Thanks for referring to the website. I see that Soke Chaka Zulu trained in, among other systems, Sanuces Ryu, which was founded by Moses Powell,  Professor Vee's most famous student.

Interestingly, I ran into Osei Jones here in Columbus Ohio a couple of months ago. He was here for the annual Arnold Classic. The martial arts portion is fast becoming one of the largest martial arts gathering in the country. Anyway, I saw him practicing and asked to talk to him.  As he walked over to me, I saw the Sanuces Ryu patch. Right away, I knew that he was practicing a variant of Vee JJ. We had a nice conversation. Very impressive martial artist as well as an impressive person.  He gave me his web site address.....www.sanuceslives.com

Take care,
Brian Johns
Columbus, Ohio


----------



## Zujitsuka

Yeah Brian, the Vee JJ (and its variants) crowd is a quality bunch of individuals.  They are well respected here in NYC.  I don't know if you already have it, but here is the website for the main school in NYC:

http://www.veearnisjitsu.com.

Peace & blessings,


----------



## Brian Johns

Tyrone,

The Vee Arnis Jitsu website is very cool.  It does appear that the vast majority of the Vee practitioners (of the various variants) are in the NYC area. Fortunately I was lucky to train under a very good practitioner when I was in college. He and his father have been in the Vee arts since the late 1960's. 

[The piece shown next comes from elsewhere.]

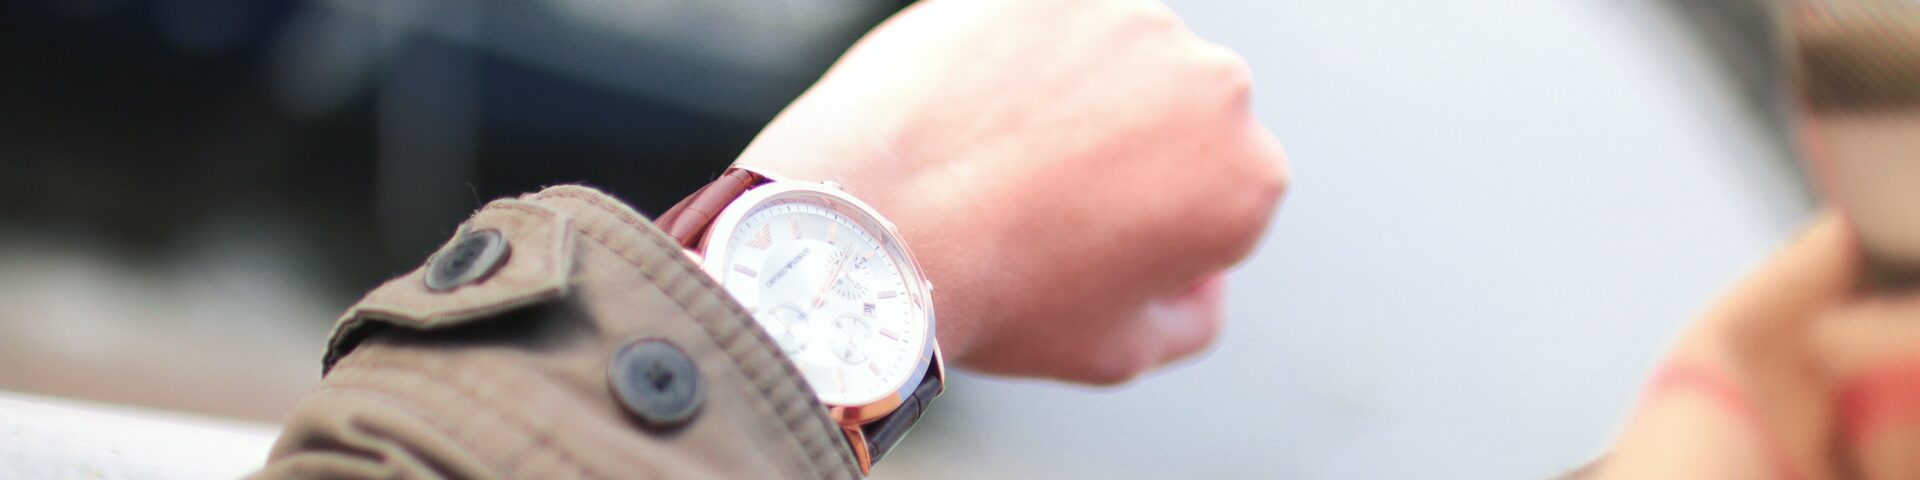 Horloge aan arm van man, als illustratie bij artikel over shoppen met je pensioenkapitaal last-minute

I've taught privately here in Columbus. However, I've trained in other arts...........I've trained with Remy Presas and have been involved in Modern Arnis for the last few years.....a very good compliment to my background.

Take care,
Brian


----------



## moromoro

WhoopAss 

 what rank are you in Vee arnis jitsu and modern arnis???

terry


----------



## Brian Johns

Moromoro,

As I said in two previous posts in this thread, I do not practice "Vee Arnis Jitsu." I do practice Vee Jiu Jitsu, specifically the '65 lineage. I'm a 6th degree in that art. As for Modern Arnis, I'm a first degree and will be testing for second degree this summer.

Brian


----------



## moromoro

thanks whoopass

so your a first degree modern arnis,

do you teach vee jui jutsu who is the GM of that art?, and how much emphasis does Vjj have on garote compared to empty hands... is it primarily an empty hands art as the name suggest...
how would you compare the garote work of VJJ to other FMA i.e the modern arnis you are studying....


----------



## Brian Johns

> so your a first degree modern arnis,
> 
> do you teach vee jui jutsu who is the GM of that art?, and how much emphasis does Vjj have on garote compared to empty hands... is it primarily an empty hands art as the name suggest...
> how would you compare the garot



Terry,

As for Vee Jiu Jutsu, it was founded by GM Florendo Visitacion, a Filipino who moved to the US prior to WWII. There's a chapter on Professor Vee in Mark Wiley's book (I think that it's "Filipino Martial Culture") He was born in the Phillipines and then later moved to the US in his teens.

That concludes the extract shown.